DATA FOR ANALYSIS:
Segment Open

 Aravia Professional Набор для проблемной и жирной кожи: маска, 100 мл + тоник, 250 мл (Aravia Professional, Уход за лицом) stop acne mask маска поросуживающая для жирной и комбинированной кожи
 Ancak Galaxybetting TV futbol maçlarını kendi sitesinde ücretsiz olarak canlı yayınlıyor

Segment Closed
Segment Open

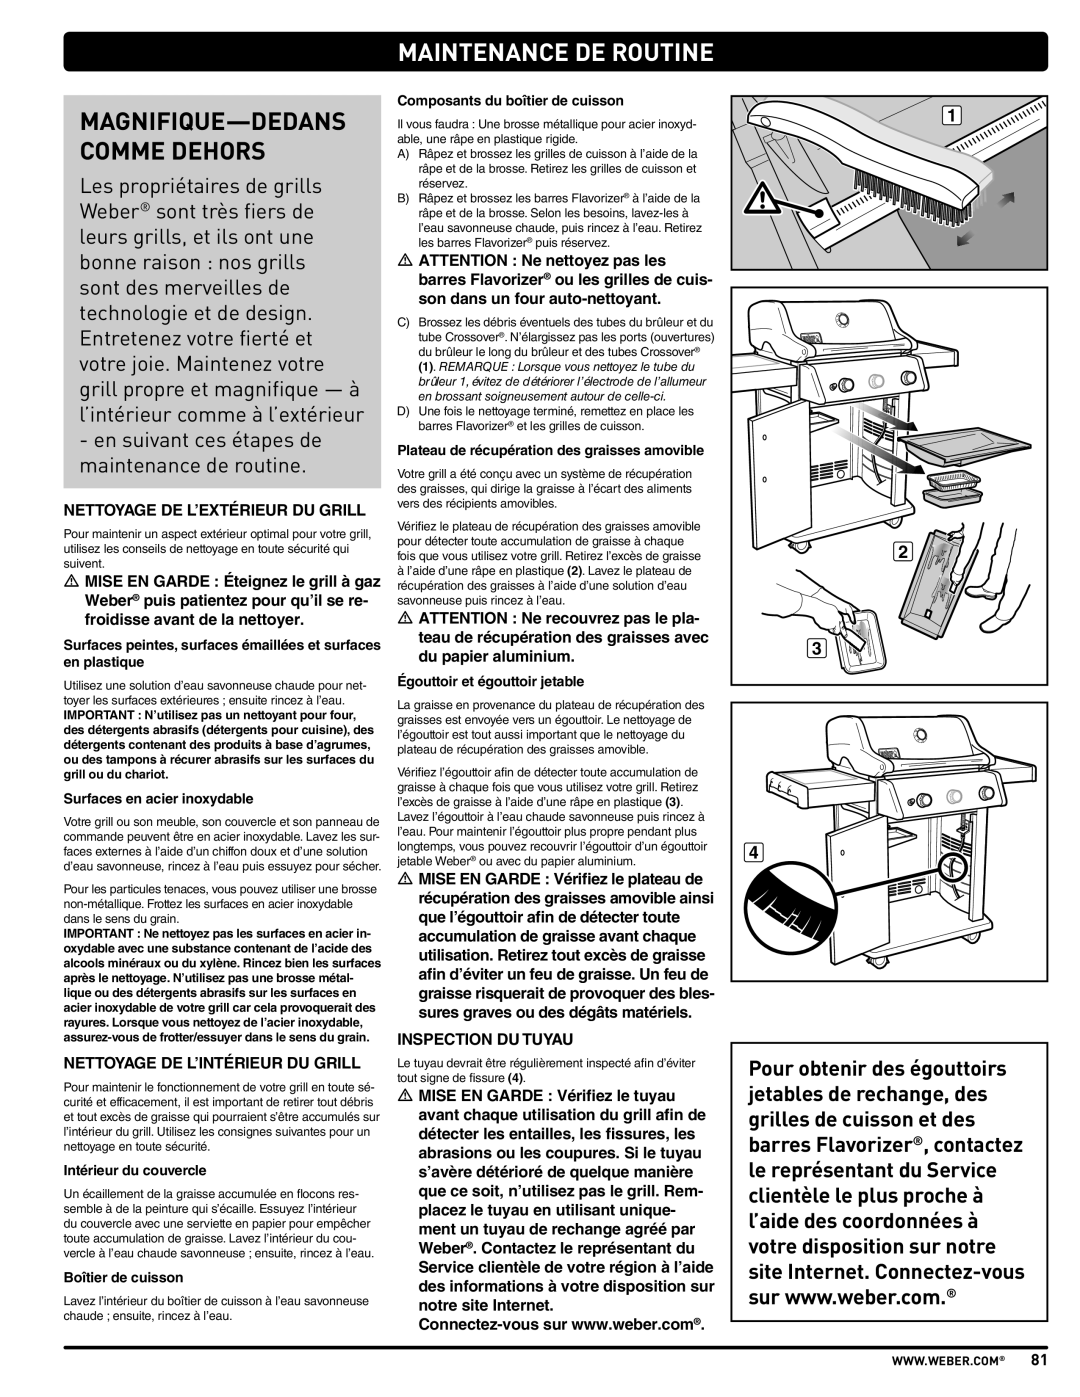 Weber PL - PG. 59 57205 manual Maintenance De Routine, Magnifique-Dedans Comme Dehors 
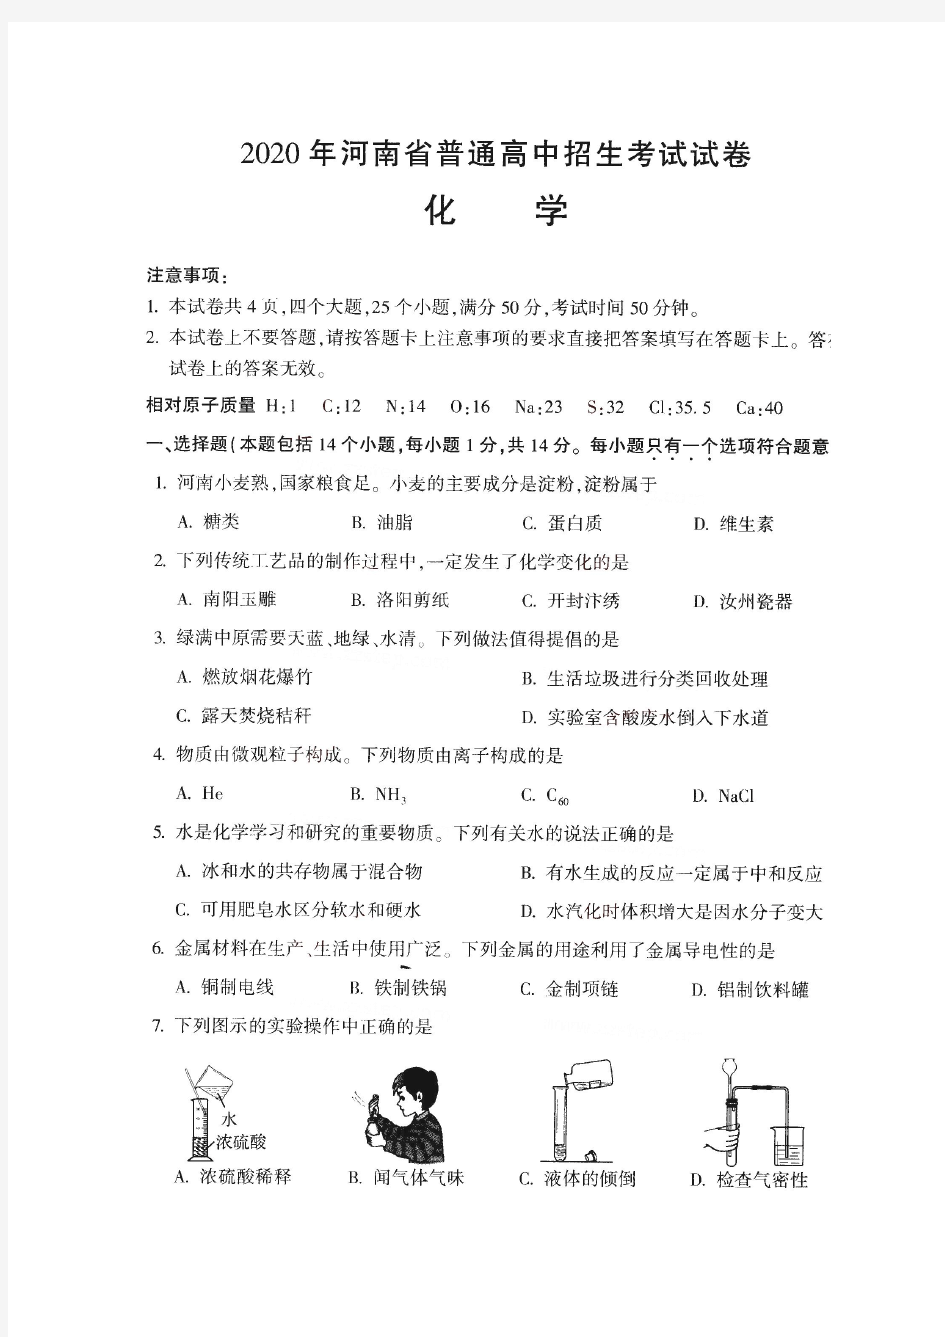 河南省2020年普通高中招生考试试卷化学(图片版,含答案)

Segment Closed

BRIEF: In the listing above, find the line with "Aravia Professional Набор" and the line with "Ancak Galaxybetting TV"; set down exactly those two lines and every line between them, nothing more.

OUTPUT OF THE TASK:
 Aravia Professional Набор для проблемной и жирной кожи: маска, 100 мл + тоник, 250 мл (Aravia Professional, Уход за лицом) stop acne mask маска поросуживающая для жирной и комбинированной кожи
 Ancak Galaxybetting TV futbol maçlarını kendi sitesinde ücretsiz olarak canlı yayınlıyor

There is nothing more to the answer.